Aqui estão as premissas que levaram a esta conclusão.

O número de mortos da covid-19 nos Estados Unidos é diferente do de outros países, escreve Siler. Mas não da Roménia, como veremos.

De acordo com Deborah Birx, a antiga coordenadora da equipa de controlo da pandemia, “se alguém morre enquanto tem covid-19, consideramo-lo morto de covid-19”.

Desde Abril de 2020, o Ministro da Saúde romeno, Nelu Tătaru, declarou: “Pedimos que em cada concelho todas as mortes que temos sejam consideradas como mortes prováveis causadas pela covid”.

Numa declaração posterior, Nelu Tătaru, explicou: “Em comparação com outros países que relatam – e refiro-me aqui à Alemanha – apenas casos estritamente sem comorbidade de pessoas que morreram de infecção covid, escolhemos, também por recomendação da Organização Mundial de Saúde, que nos pediu para relatar todos os casos de infecção covid, escolhemos também para relatar os casos de pessoas falecidas que também tiveram infecção covid”.

Voltando à análise de Siler, que declara: “Temos de reconhecer que existe uma diferença entre morrer de covid-19 e morrer enquanto se tem covid-19”.

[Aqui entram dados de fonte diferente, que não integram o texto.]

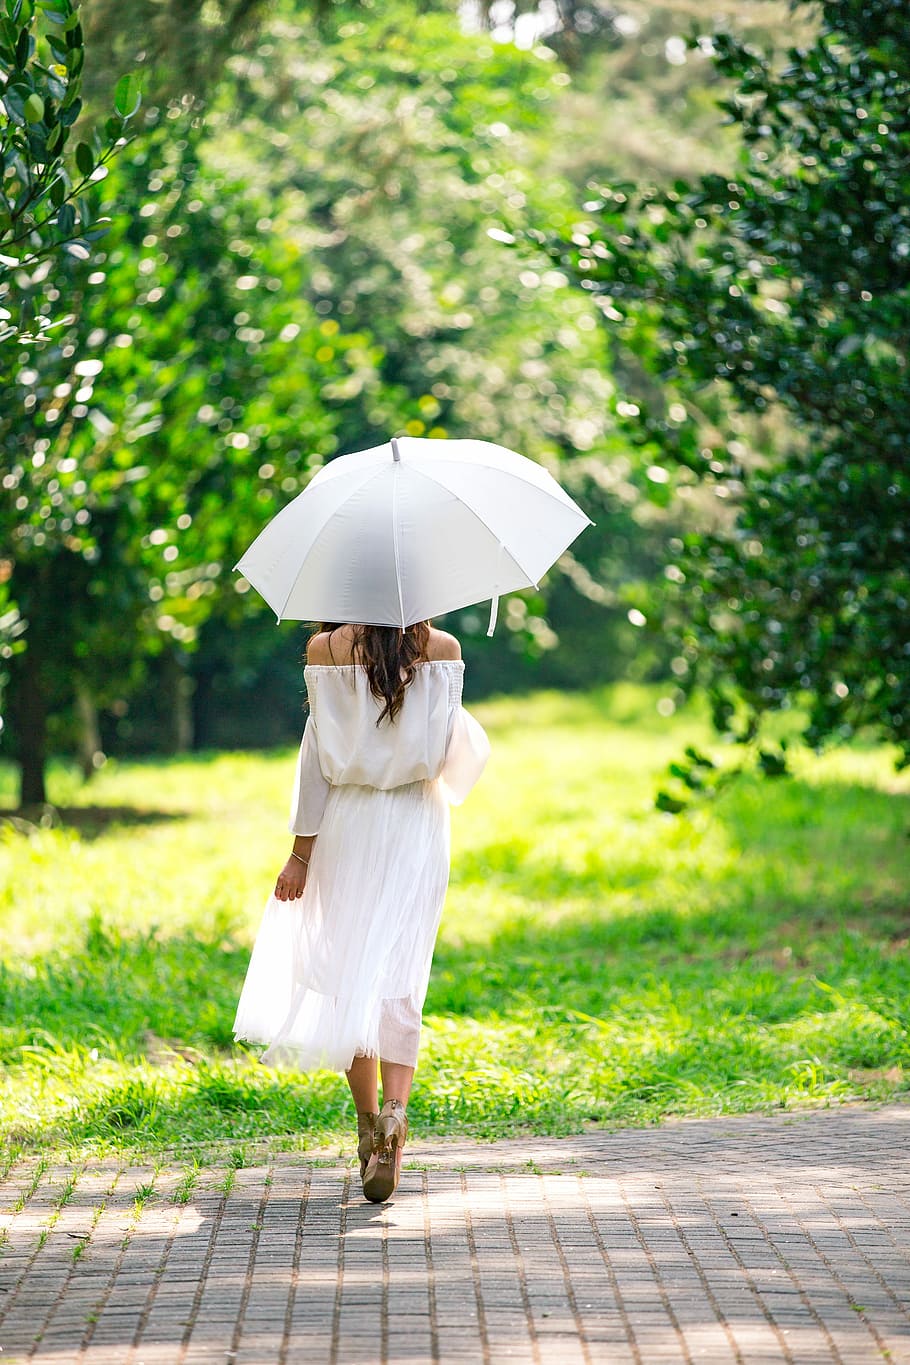 woman walking on brick pavement under umbrella during day, nature

O médico americano lembra-nos que esta é uma das incertezas que os médicos normalmente enfrentam durante a época da gripe.

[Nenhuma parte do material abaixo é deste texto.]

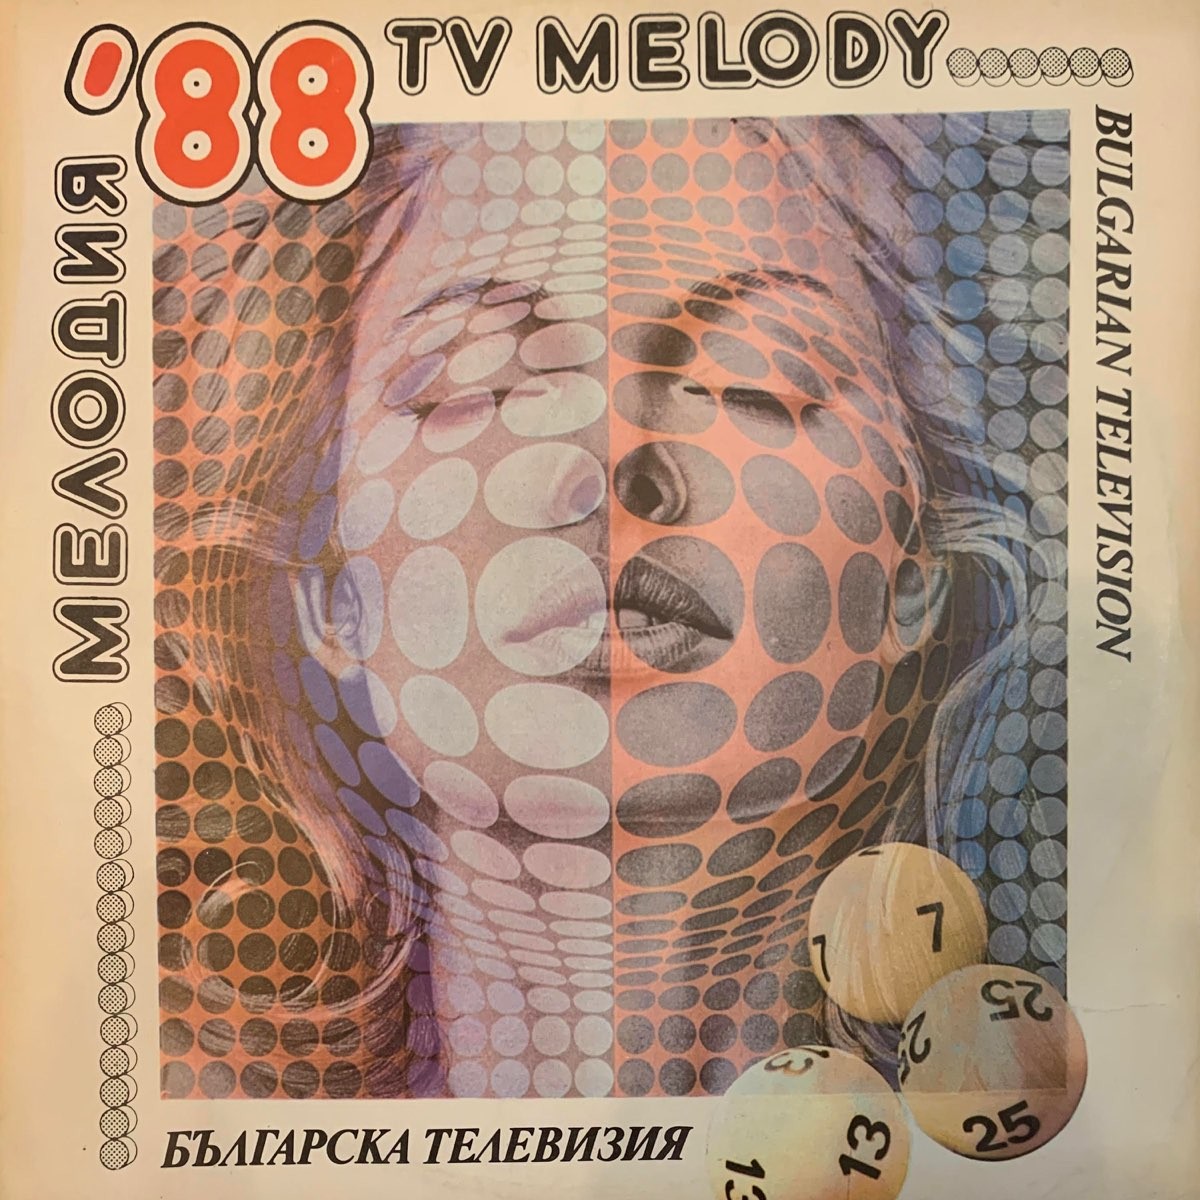 Българска телевизия. Мелодия '88

Na maioria dos estados americanos, diz Siler, entre 40 a 60% das pessoas que morreram de SRA-CoV-2, o vírus que causa a doença covid-19, eram idosos com problemas médicos que vivem em lares de idosos. Parte do mesmo segmento morre anualmente devido ao vírus sazonal da gripe. Quando isto acontece, quem os matou: a gripe ou o cancro, o ataque cardíaco, o AVC ou os problemas hepáticos?, pergunta legitimamente o médico americano.

A resposta: “Os médicos usam o seu discernimento para completar correctamente a certidão de óbito, mas não qualificam todas as mortes como mortes por gripe”.

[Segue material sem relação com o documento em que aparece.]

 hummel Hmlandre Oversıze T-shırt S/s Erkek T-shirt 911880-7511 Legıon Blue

De acordo com o CDC, apenas 6% dos que morreram de infecção covid-19 não tinham outras comorbidades. Os outros 94% tinham em média quatro doenças que afectavam a sua saúde. Isto não significa que apenas 6% das mortes tenham sido causadas pela covid-19. Mas não significa que 100% das mortes das pessoas com comorbidades devam ser consideradas como mortes por covid, diz Thomas Siler.

Se contássemos todas as pessoas mortas com resultados positivos para a gripe ou com sintomas de gripe como uma “morte por gripe”, então teríamos centenas de milhares de mortes por ano por gripe, conclui o médico.

No que diz respeito à gripe, nem 6% , nem 100% são tidos em conta. A verdadeira resposta está algures no meio. Aplicando a mesma lógica à covid significa que, segundo o cálculo mais prudente, 25-50% das mortes etiquetadas por covid são, muito provavelmente, mortes por covid.

Segundo um estudo publicado em Outubro na Science, Public Health Policy, and the Law, em 24 de Março, o CDC mudou a forma como registou as mortes há 17 anos. Isto levou a uma inflexão das mortes covid.

Nota: as mudanças visaram apenas as mortes de covid!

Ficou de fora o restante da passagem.